### Aim of the task
Using the entries that follow, write out the line containing "64. RUTKOWSKI, Richard", the line containing "whistle Decipher Will", and every line between them, exactly and nothing else.

### Supplied material
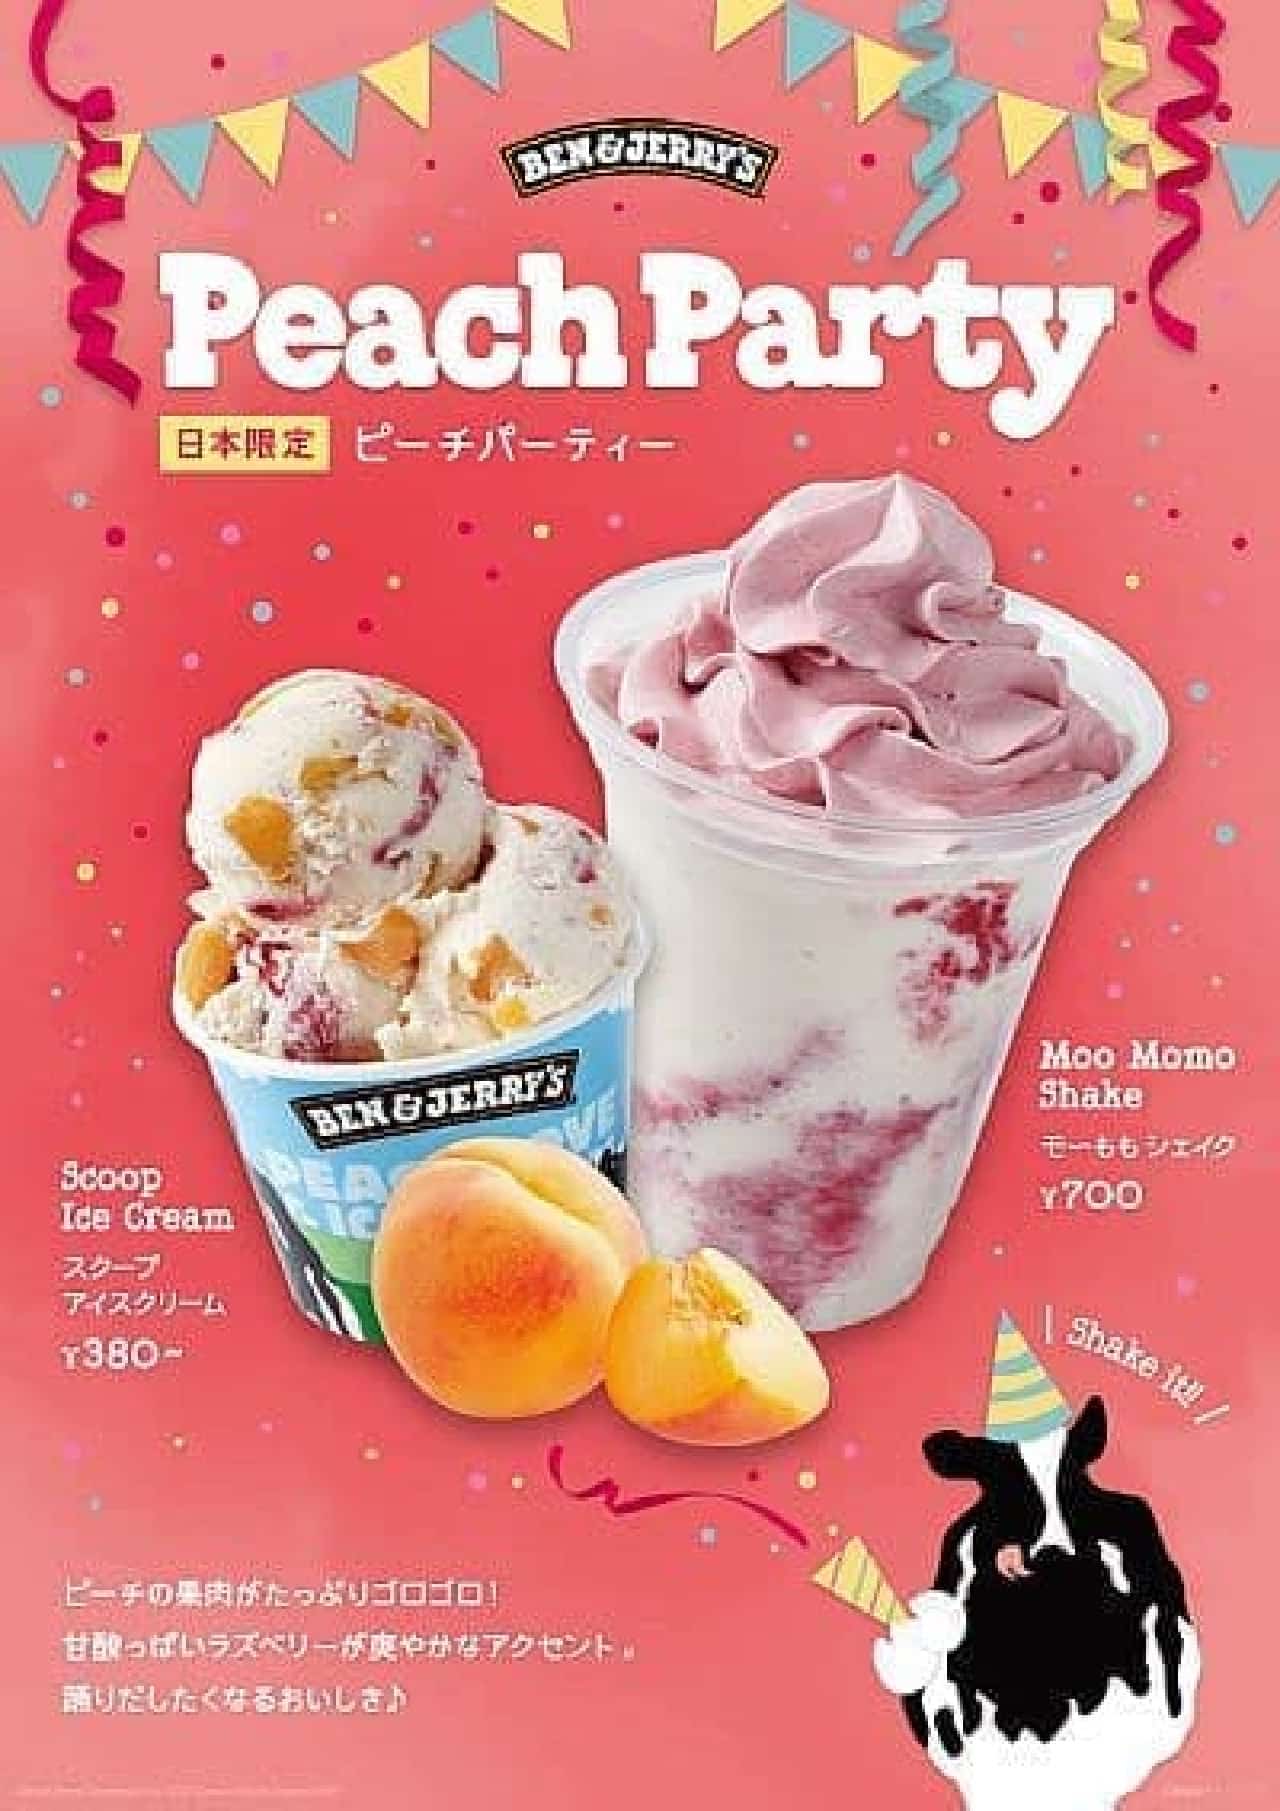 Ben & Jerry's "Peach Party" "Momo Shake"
* * *
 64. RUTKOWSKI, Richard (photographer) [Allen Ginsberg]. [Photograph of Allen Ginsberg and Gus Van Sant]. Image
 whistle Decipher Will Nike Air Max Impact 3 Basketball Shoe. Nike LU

### Written response
 64. RUTKOWSKI, Richard (photographer) [Allen Ginsberg]. [Photograph of Allen Ginsberg and Gus Van Sant]. Image
 whistle Decipher Will Nike Air Max Impact 3 Basketball Shoe. Nike LU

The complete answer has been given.